Peut-être que filmer ça, un girl group
contemporain, des Beatles meufs et blacks
de cité, était le noyau originel du désir
de Céline Sciamma, pour redire que la pop,
le cinéma, la société, n’appartiennent pas
seulement aux mâles blancs. Ou peut-être
que cette lignée soul pop n’est que mon
fantasme, ma relecture à moi. En tout cas,
de Lucy in the Sky with Diamonds (Beatles)
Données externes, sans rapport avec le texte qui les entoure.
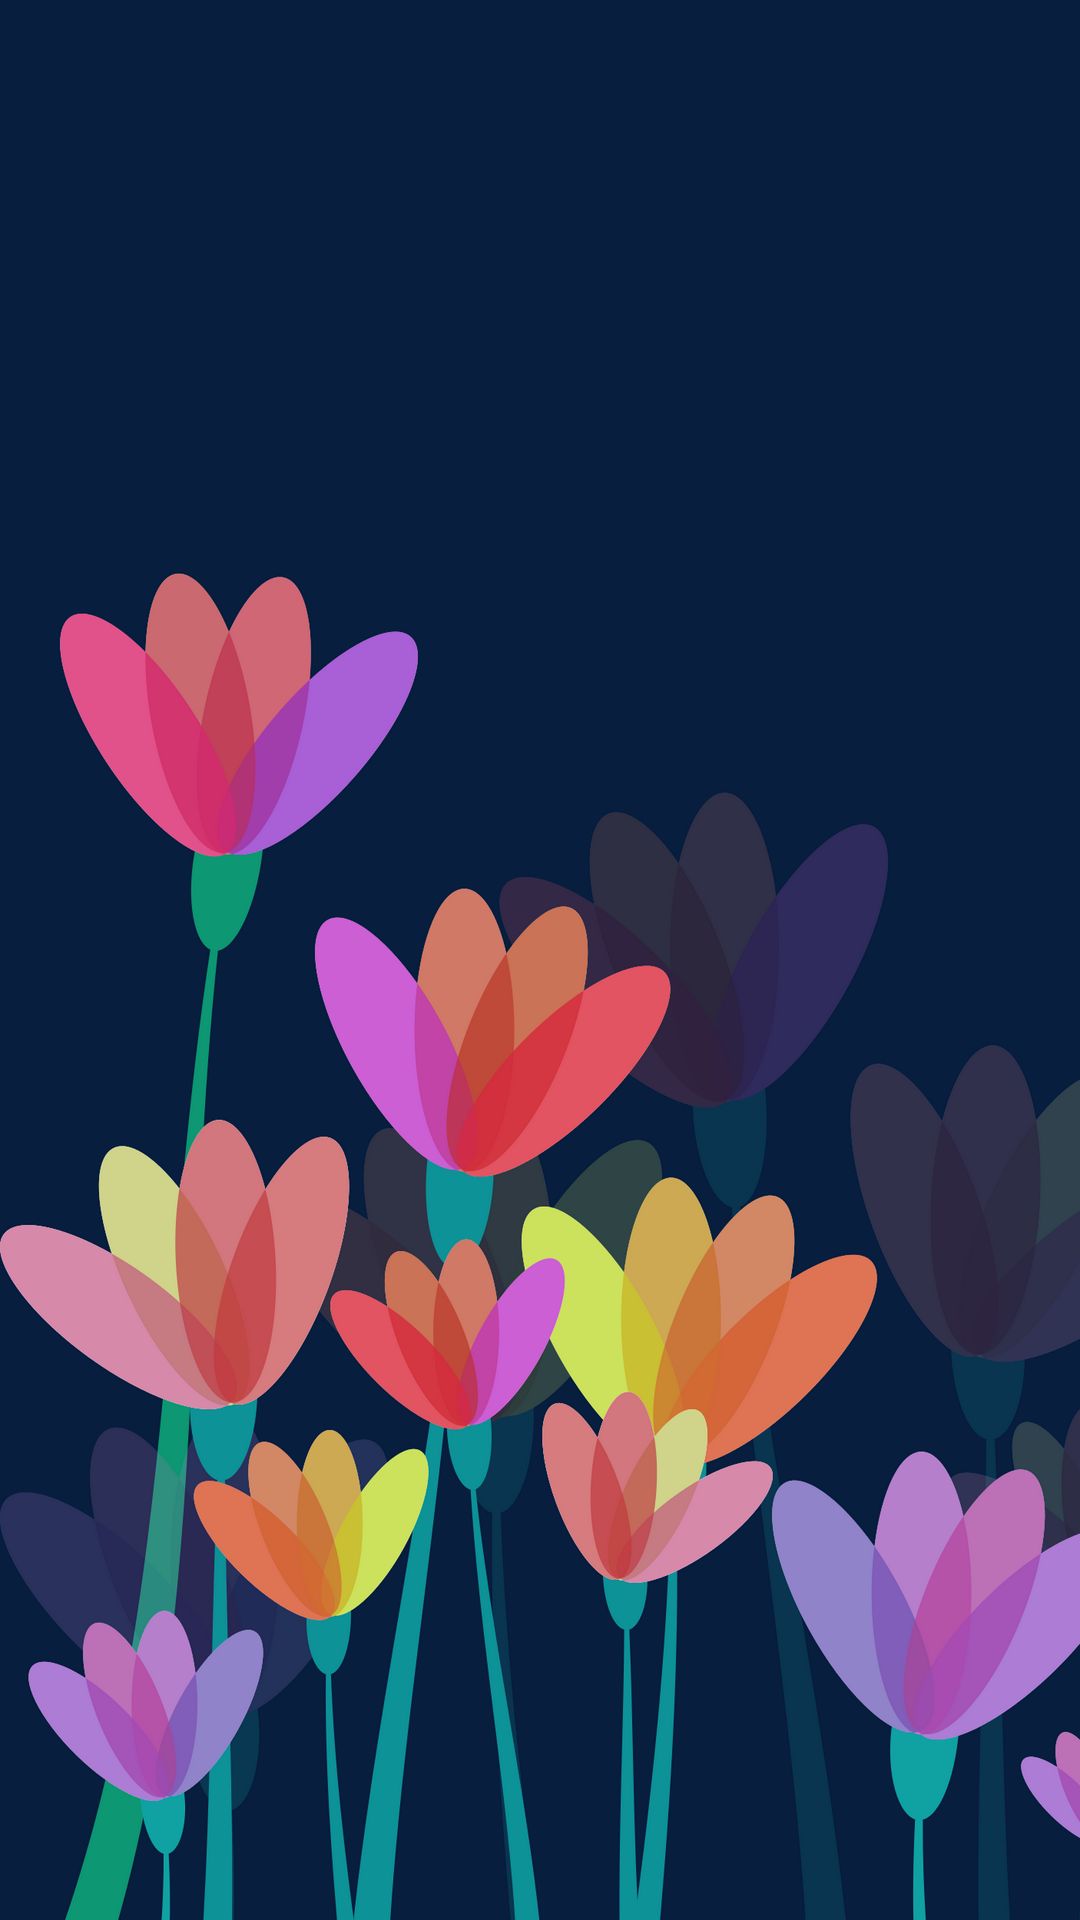 Mùa xuân đang đến gần rồi, và hãy để một bức ảnh nền màu tươi sáng, ấn tượng về colorful flowers wallpaper đem đến cho bạn sự tươi vui và yêu đời. Hình ảnh liên quan mang đến cho bạn những loại hoa đa dạng kích thích giác quan và cảm nhận cuộc sống tươi đẹp hơn.

aux “diamonds in the sky” de Rihanna,
des swinging sixties à notre rude début
de XXIe siècle, de la pop noire ou blanche
d’antan aux polymixages d’aujourd’hui, i
l y a comme une permanence de la beauté,
du sex-appeal et de l’énergie de
la jeunesse, qui peut briller de l’éclat
de diamants dans le ciel pour peu qu’elle
soit boostée par une bonne chanson.
Mais de même qu’un hit-single dure
trois ou quatre minutes, les moments
de bonheur collectif, de parfaite harmonie
à quatre, d’ascension des sens vers le
nirvana, et de partage, sont fugaces,
fragiles, éphémères. Des petites bulles de
félicité que l’on voudrait faire éternellement
durer, mais qui éclatent toujours au contact
des réalités de la société et du quotidien.
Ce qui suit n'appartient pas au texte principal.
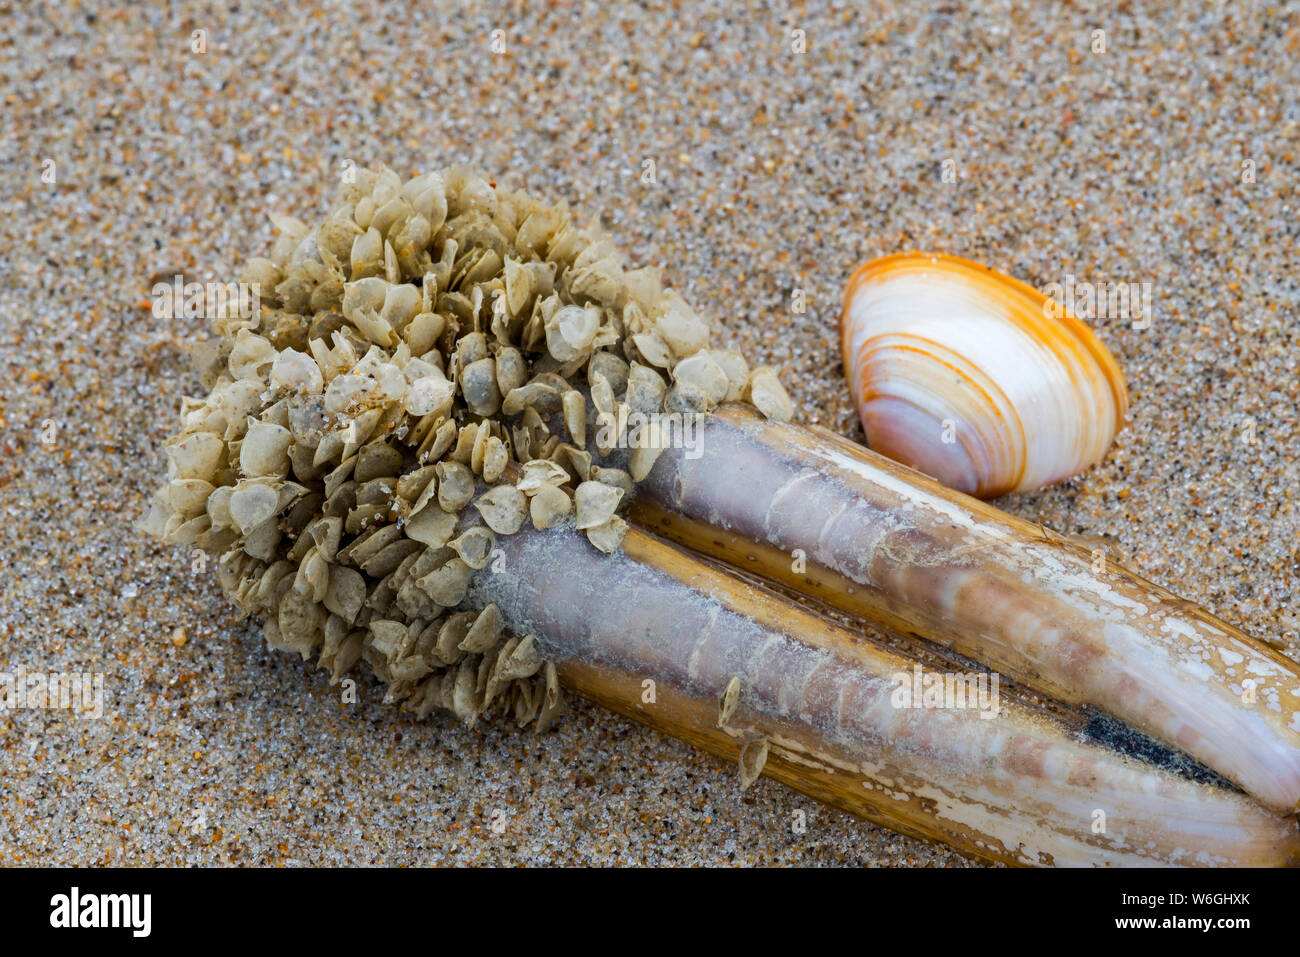 Casi di uovo / uova di cane reticolare Buccino (Tritia reticulata / Nassarius reticulatus / Hinia reticulata), marine molluschi gasteropodi, si è incagliata sulla spiaggia Foto Stock
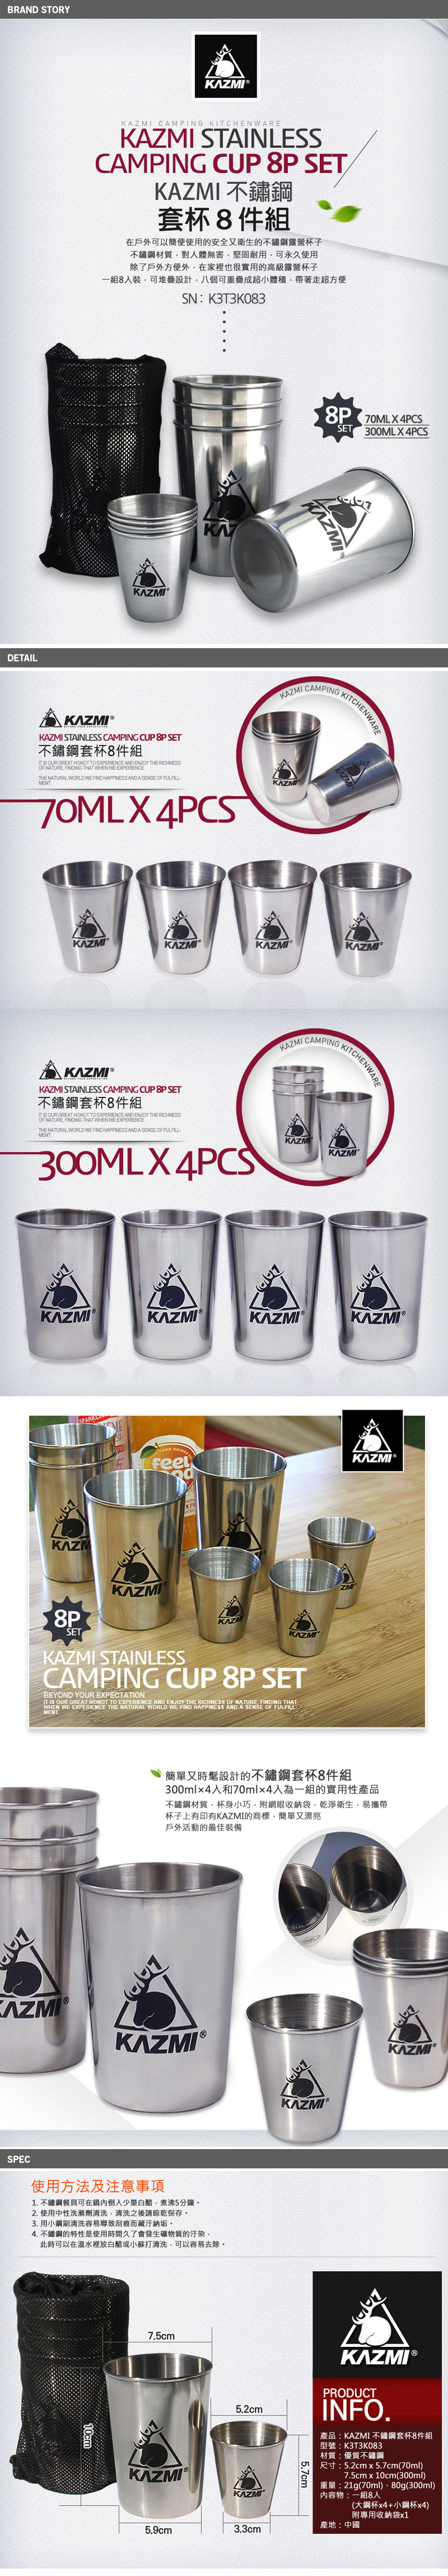 【山野賣客】KAZMI 不鏽鋼套杯8件組 K3T3K002

Pour Vic, cette réalité est un empilement
de contraintes et d’interdits. Etre jeune,
fille, noire, dans une cité, c’est subir la loi
des grands frères, des garçons, de la
religion, de la société française dominante,
tout en endossant par devoir le rôle
de mère d’appoint pour les petites sœurs.
Nul étonnement à ce que Vic soit séduite
par Lady et ses copines : sexy, affranchies,
libres de leurs paroles et de leurs actes
(du moins en apparence), elles
représentent la liberté, l’émancipation.
En entrant dans leur groupe, Vic se
transforme physiquement, lâche ses
cheveux, s’habille plus sexe : un vrai petit
canon émerge de la chrysalide gamine.
C’est comme dans la scène de Valérie
Bruni Tedeschi du Saint Laurent de Bonello :
les vêtements, le corps, l’esprit, tout se
transforme à l’unisson. Mais faire les
quatre cents coups avec de bonnes copines,
ce n’est pas non plus un projet de vie.
Dialectique, jamais manichéenne, Céline
Sciamma retourne les apparences qu’elle a
créées, ou du moins elle les complexifie.
Lady n’est pas que la meneuse ultracool
qu’elle semble être et qu’elle projette. Et la
vie en bande, aussi joyeuse soit-elle, n’est
qu’une étape dans le parcours initiatique
de Vic. Elle doit maintenant trouver
son propre chemin d’épanouissement.
Dans la France de 2014, les pièges, les
dangers, les loups-garous sont nombreux
pour une jeune-fille-noire-prolétairesolitaire-sans diplôme. Le diamant dans le
ciel retombe sur terre, parfois sous terre,
ramené à l’état de caillasse toc par la loi
sociale, toujours masculine et brutale
– dealers, proxos parsèment son chemin,
de la cité à la ville. Et à chaque séquence
du trajet cahoteux vers son destin de
femme, Vic change de costume,
d’apparence : haut de jogging “caillera” qui
efface le genre, minijupe et perruque blonde
pour souligner une féminité artificiellement
sophistiquée, le parcours existentiel
est aussi une affaire de transformations
visibles, comme dans les contes.
Si le portrait de Vic est complexe,
si le tableau des mécanismes sociaux
qui agissent sur elle est subtil, Céline
Sciamma reste néanmoins une cinéaste
“ligne claire”, limpide dans son récit
et ses options de mise en scène. Comme
dans Naissance des pieuvres ou Tomboy,
elle montre une véritable aisance pour
rendre la complexité parfaitement lisible.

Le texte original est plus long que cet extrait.